We're Not Really Strangers
- Designers: Koreen Odiney
- Publishers: We’re Not Really Strangers
- Publication: 2018; 7 years ago
- Genres: Card game
- Players: 2–6
- Playing time: 15–30 minutes
- Age range: 15+

= We're Not Really Strangers =

Card game

We're Not Really Strangers (WNRS) is a 2018 card game designed by Koreen Odiney which gained popularity over social media during the COVID-19 pandemic. Players answer personal questions from cards in order to deepen their connection to each other.

== Publishing history ==
We're Not Really Strangers was first published in November 2018 by photographer Koreen Odiney in order to "empower people to make meaningful connections." She credits the game's inspiration to a conversation with a stranger she had approached to photograph who said "[she] would write a book called we're not really strangers one day," and funded the game's development though her modelling.

=== Collaborations ===
The game has also collaborated with many luxury fashion brands to publish expansions and editions to the game, beginning in April 2020 with Coach.
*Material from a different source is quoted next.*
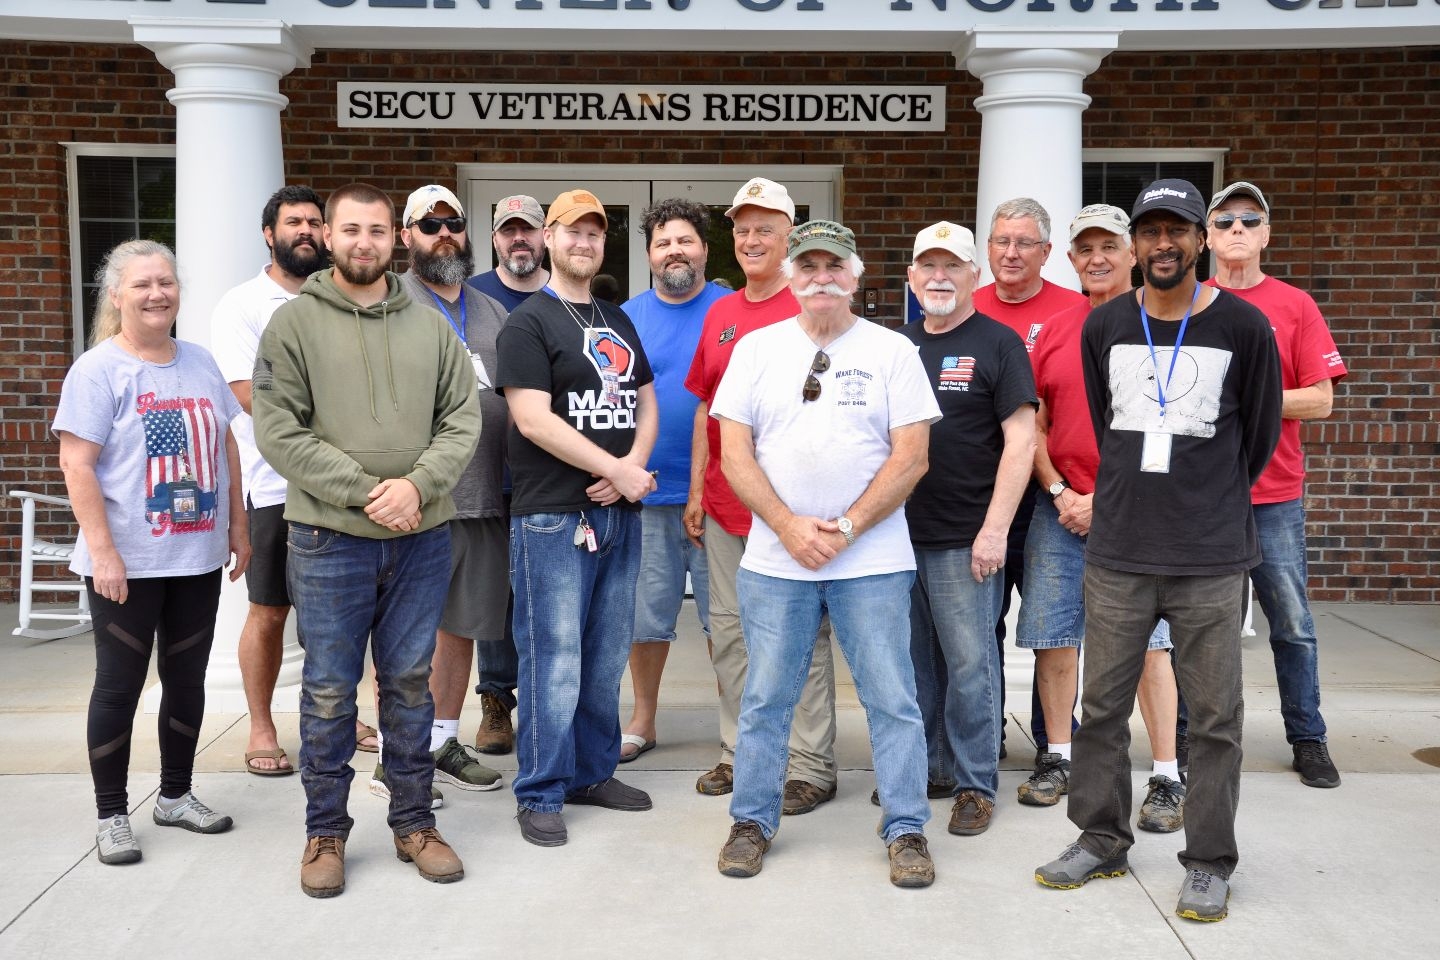 Members of Post 8466 and residents of the Veterans Life Center in Butner, NC celebrate a successful day of groundskeeping at the residence.
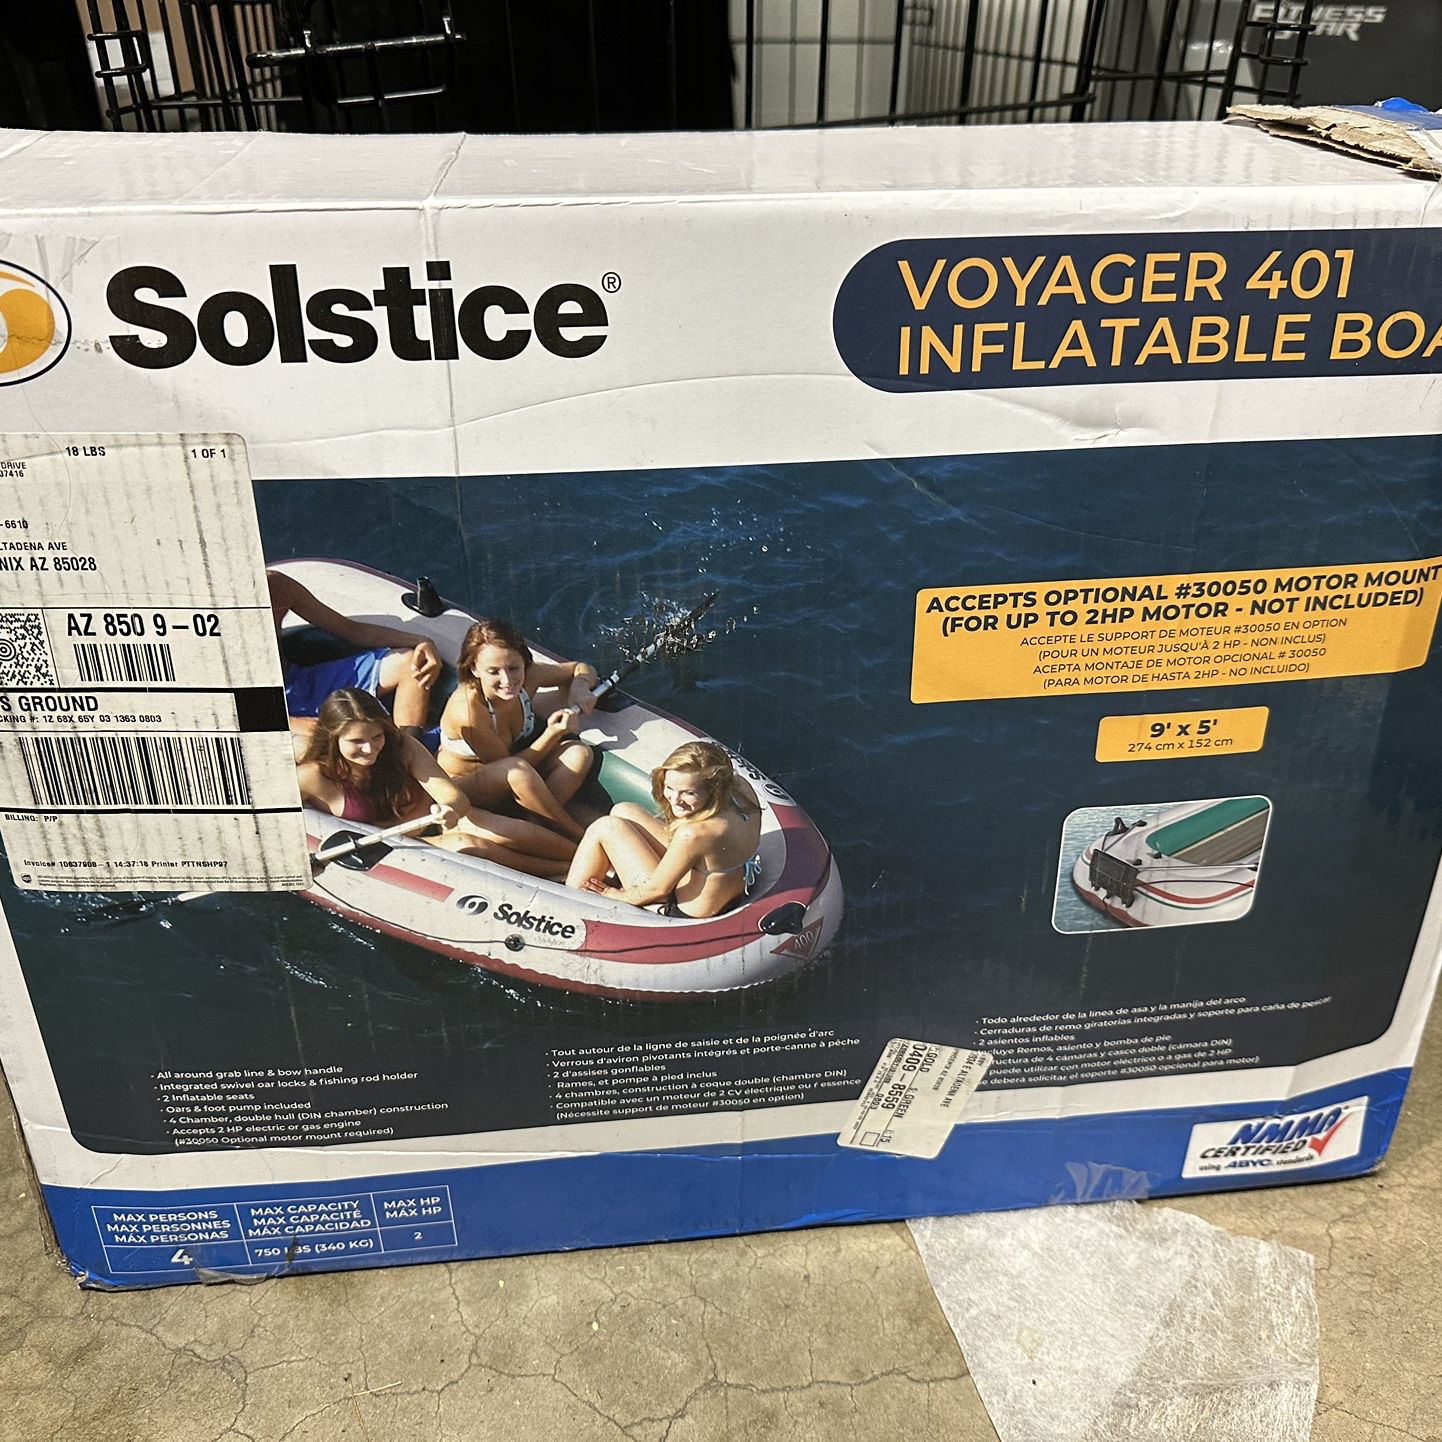 Solstice Voyager Inflatable Boat

The partnership was promoted through the creation of Manhattan billboards with inspiring and uplifting messages. A similar promotion was done when WNRS published 25 new cards in collaboration with Valentino in January 2021. In March 2021, Odiney and Diane von Furstenberg, who had met over Instagram, released the Own It expansion pack to accompany Furstenberg's new book, Own It: The Secret to Life.

In August 2022, Deadline reported that film studio Steel Springs Pictures had partnered with WNRS to produce non-fiction and scripted series based on the game, exploring human emotion and connection as part of their new Non-Fiction division.

== Gameplay ==
Players take turns drawing a card and asking the question on it to another player, who answers it. Cards are divided between three levels (Perception, Connection, and Reflection) and a minimum of 15 question cards must be answered at a level before drawing cards from the next. If a wildcard is drawn, then all players must complete the instructions on it instead of answering a question. Once each level has been completed, players complete the instructions on the Final Card before ending the game.

== Reception ==
Mari Uyehara, writing for Wirecutter, described We're Not Really Strangers: Couples Edition as a "great wedding gift" as it "allow[s] for fun and meaningful reflection on the course of a relationship." In an article for Vogue, Moya Lothian-McLean wrote that those using WNRS as a shortcut to connection may be disappointed, concluding that "to create true emotional intimacy, at some point you have to stop hiding behind your cards and show them."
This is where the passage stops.